Nothing outside the lines below from the one containing "Uomo d'affari con" through the one containing "Képek - NutriniDrink" is to be printed; print those exactly, ends included, and drop the pictures.

SOURCE MATERIAL:
'''
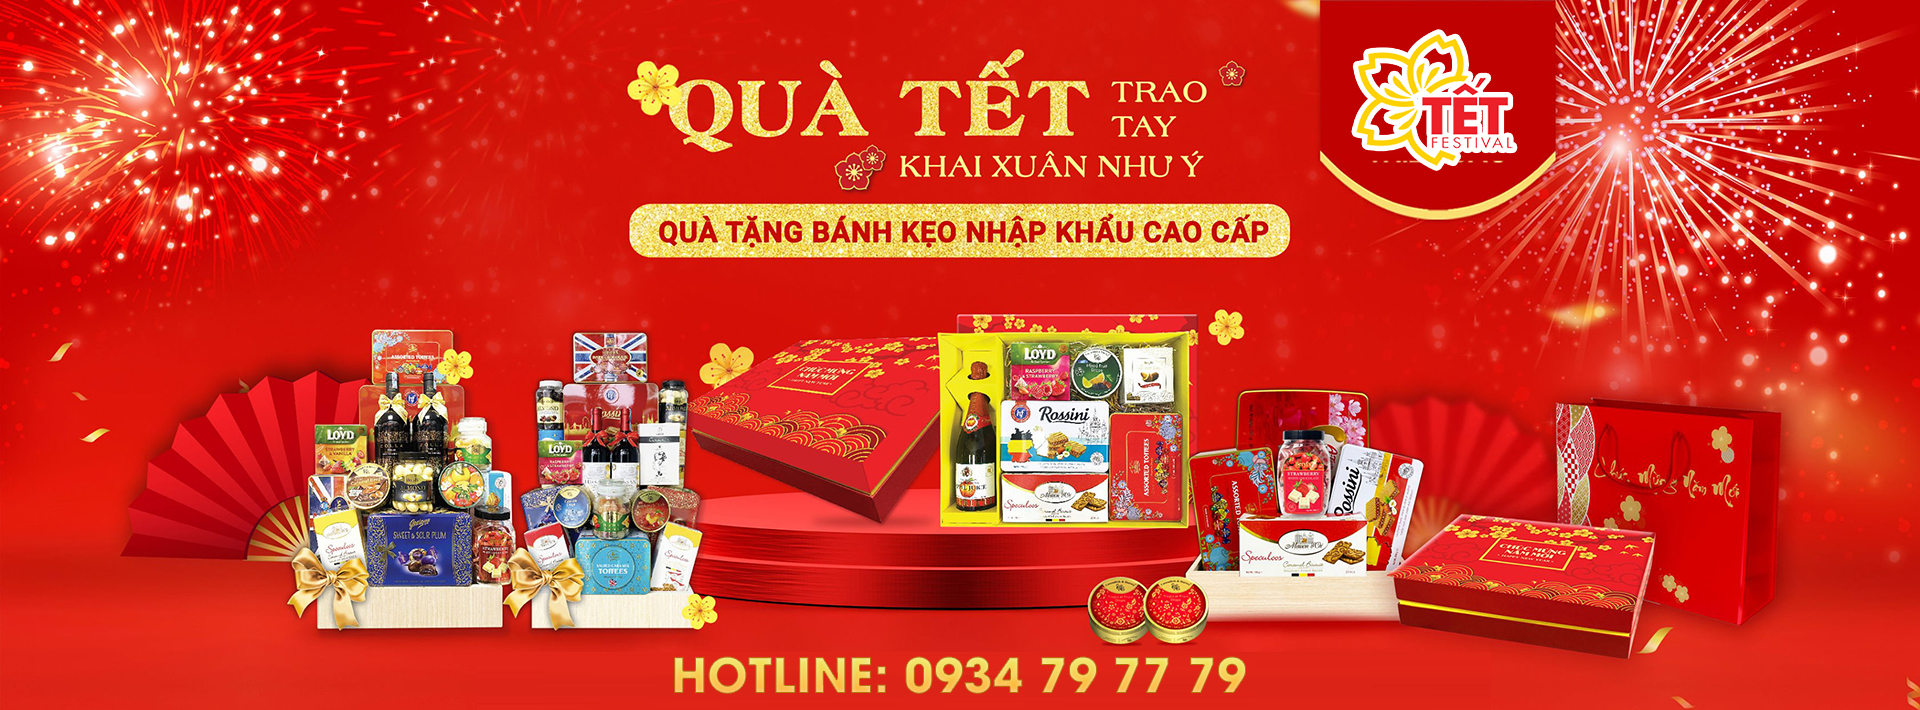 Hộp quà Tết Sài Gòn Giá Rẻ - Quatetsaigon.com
'''
'''
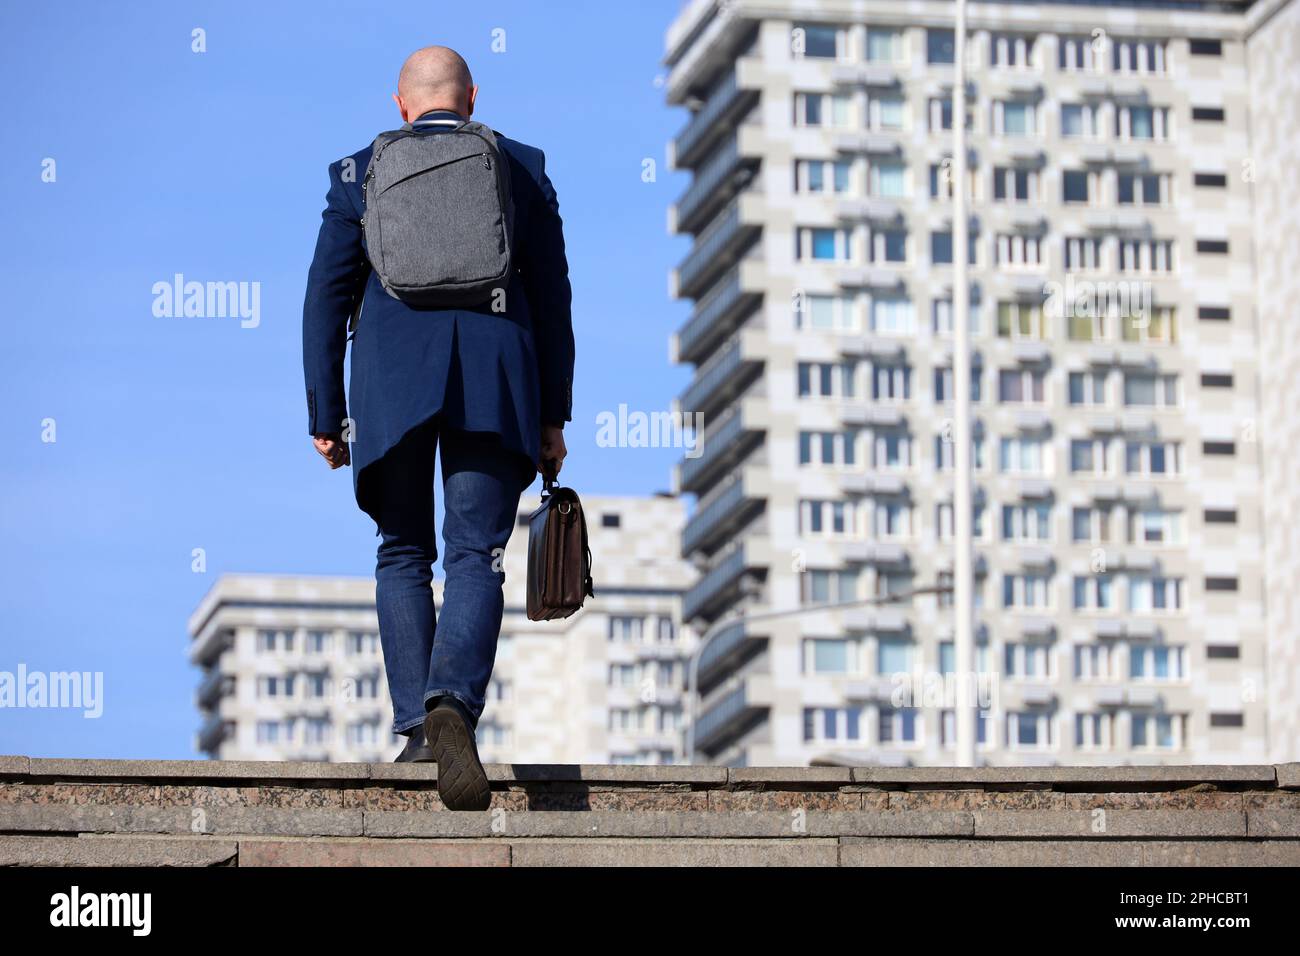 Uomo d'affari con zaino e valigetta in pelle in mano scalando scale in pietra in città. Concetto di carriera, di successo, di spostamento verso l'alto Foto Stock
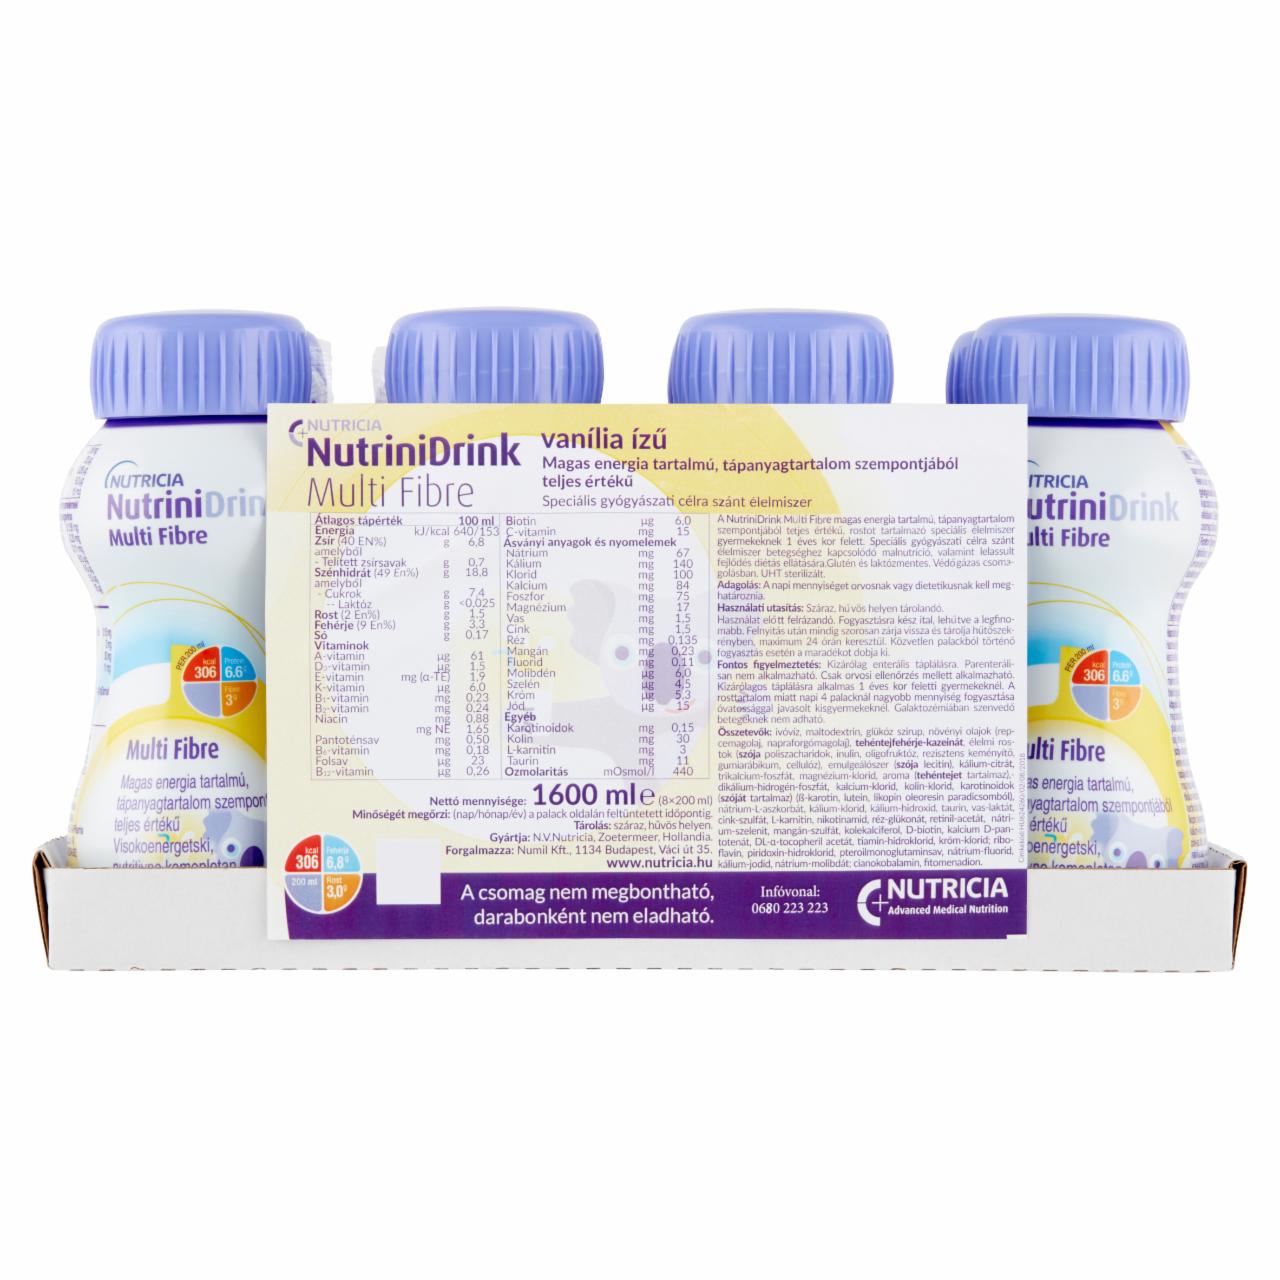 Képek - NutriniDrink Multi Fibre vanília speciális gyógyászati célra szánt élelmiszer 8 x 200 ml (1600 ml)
'''
'''
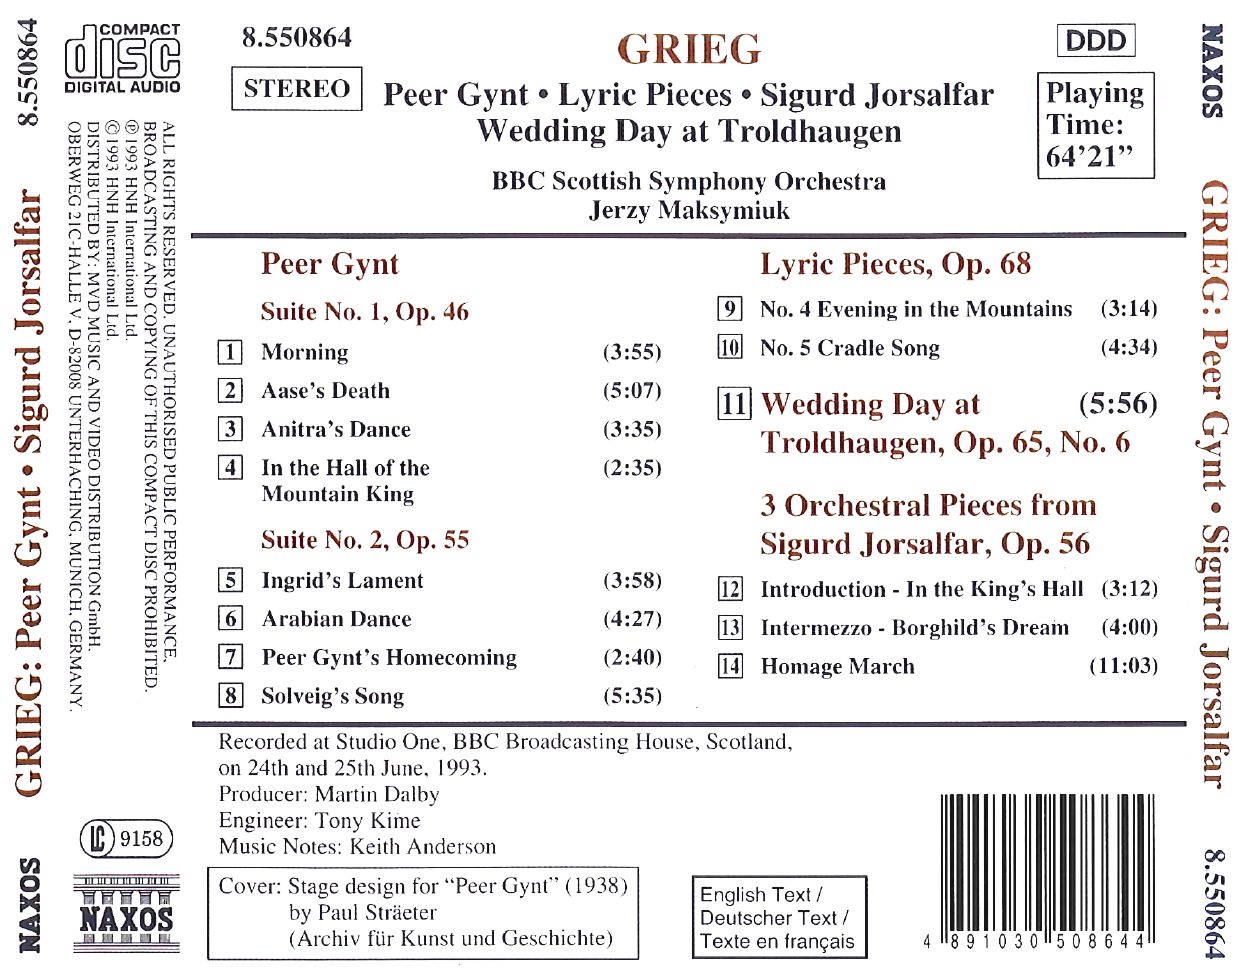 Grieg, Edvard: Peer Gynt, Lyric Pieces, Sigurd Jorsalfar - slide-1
'''
SOLUTION TO THIS EXERCISE:
 Uomo d'affari con zaino e valigetta in pelle in mano scalando scale in pietra in città. Concetto di carriera, di successo, di spostamento verso l'alto Foto Stock
 Képek - NutriniDrink Multi Fibre vanília speciális gyógyászati célra szánt élelmiszer 8 x 200 ml (1600 ml)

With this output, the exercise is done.